TEXAS ‘COULD BREAK THE 100,000 DEATH MARK’
Hotez calls for second booster shot for health care workers as omicron surges
When we last checked in with Dr. Peter Hotez about the coronavirus pandemic, the omicron variant felt like a creeping menace on the periphery. Hotez — dean of the National School of Tropical Medicine at Baylor College of Medicine and co-director of the Center for Vaccine Development at Texas Children’s Hospital — at the time thought the delta variant was of sufficient concern for a city, state and nation greatly under-vaccinated. Here we are a few weeks later and omicron appears to have stepped in to relieve delta of its duty, with high rates of transmission and varying reports of severity of symptoms. A peak week or two for travel won’t likely halt its progression.
Hotez spoke about the urgency in vaccinating the Southern Hemisphere, where omicron is believed to have originated, and repeated his mantra for our nation, where vaccines remain widely available.
This interview has been lightly edited for length and clarity.

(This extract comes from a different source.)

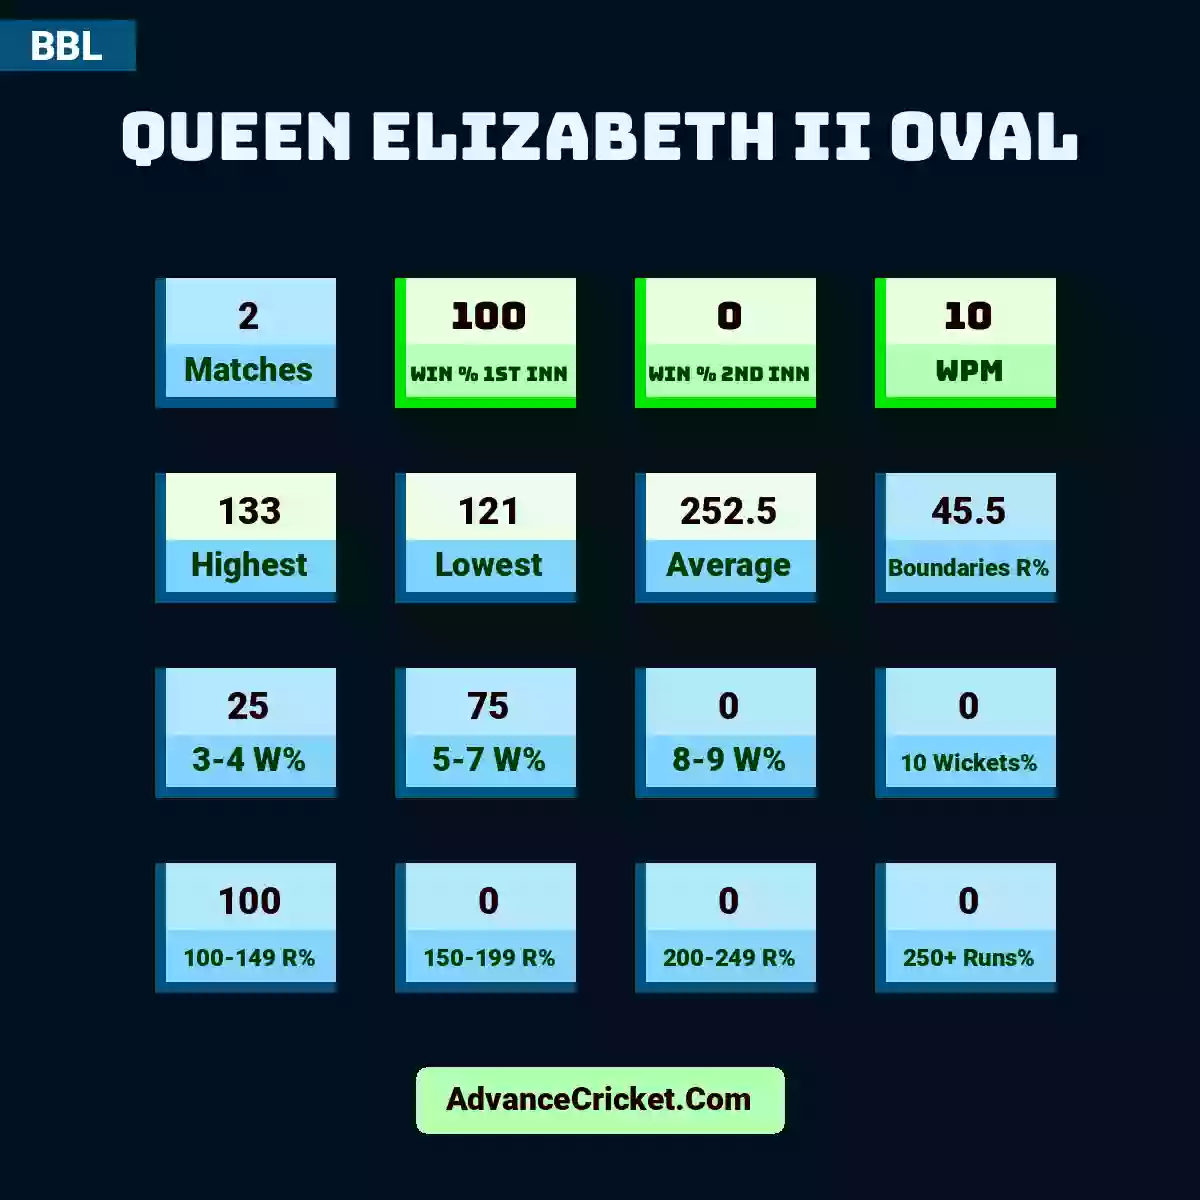 Image showing Queen Elizabeth II Oval with Matches: 2, Win % 1st Inn: 100, Win % 2nd Inn: 0, WPM: 10, Highest: 133, Lowest: 121, Average: 252.5, Boundaries R%: 45.5, 3-4 W%: 25, 5-7 W%: 75, 8-9 W%: 0, 10 Wickets%: 0, 100-149 R%: 100, 150-199 R%: 0, 200-249 R%: 0, 250+ Runs%: 0.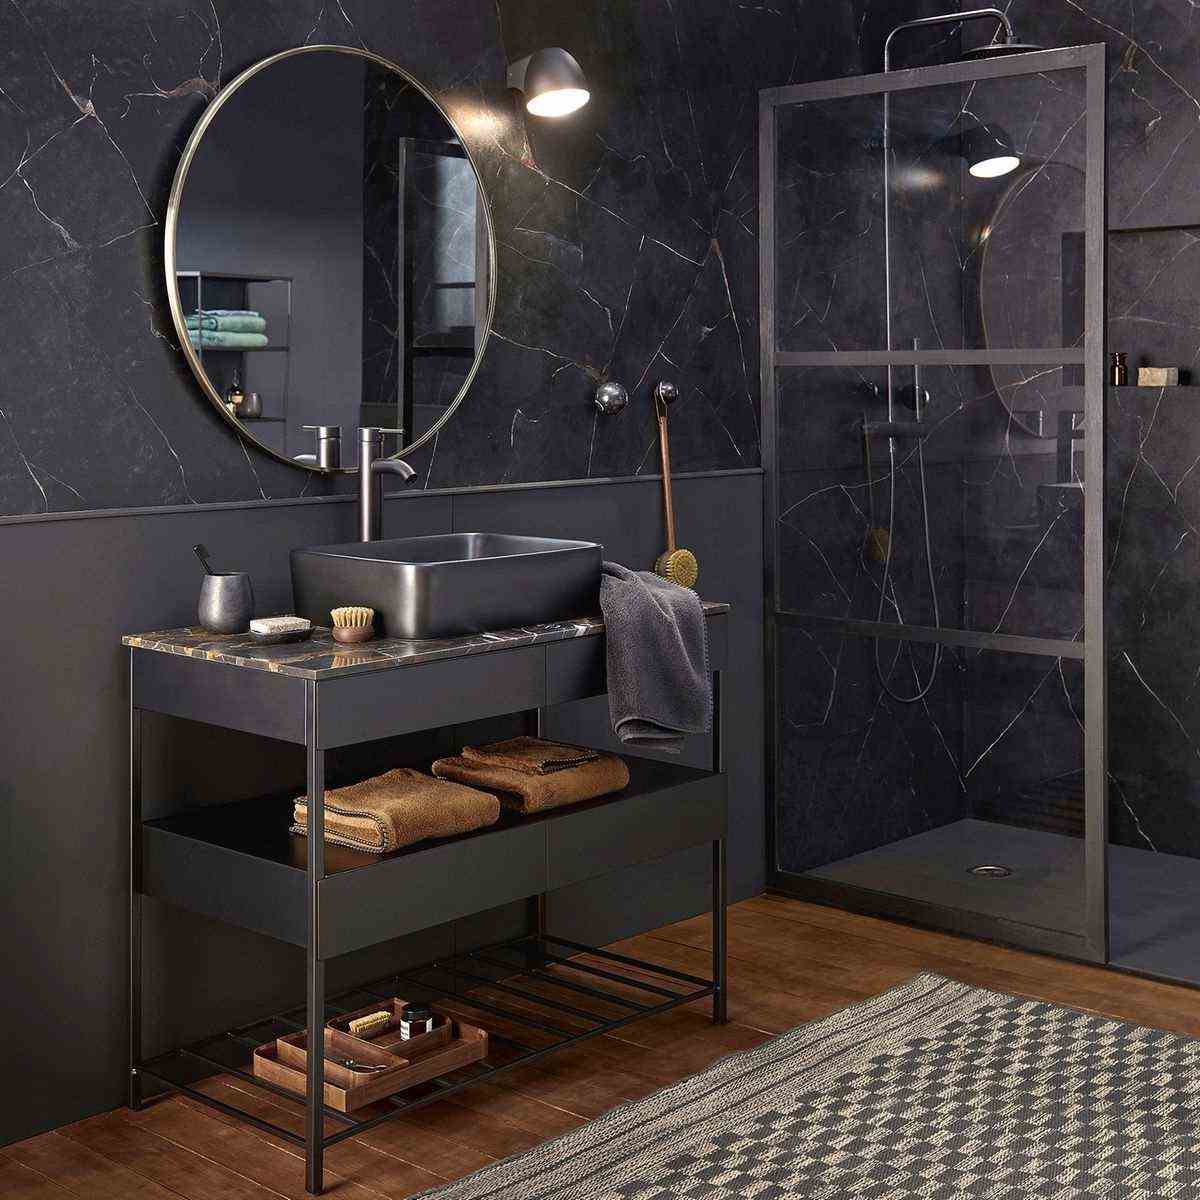 Luxurious black and wood bathroom

Q: When we talked two weeks ago, I wondered if it was too early to discuss omicron. How would you summarize how we are now in Houston or Texas?
A: In terms of the individual person, we can go through four or five different groups. Group 1 is the unvaccinated, and we have a lot here in Texas since we have only about half the state vaccinated. That’s a huge concern. They will once again get sick and go into hospitals across the state. We’ve now lost 20,000 unvaccinated Texans since June. Those are people who needlessly lost their lives because they were defiant of vaccinations or refused vaccination for some reason. And those numbers could potentially double. We could break the 100,000 death mark in Texas by Q1.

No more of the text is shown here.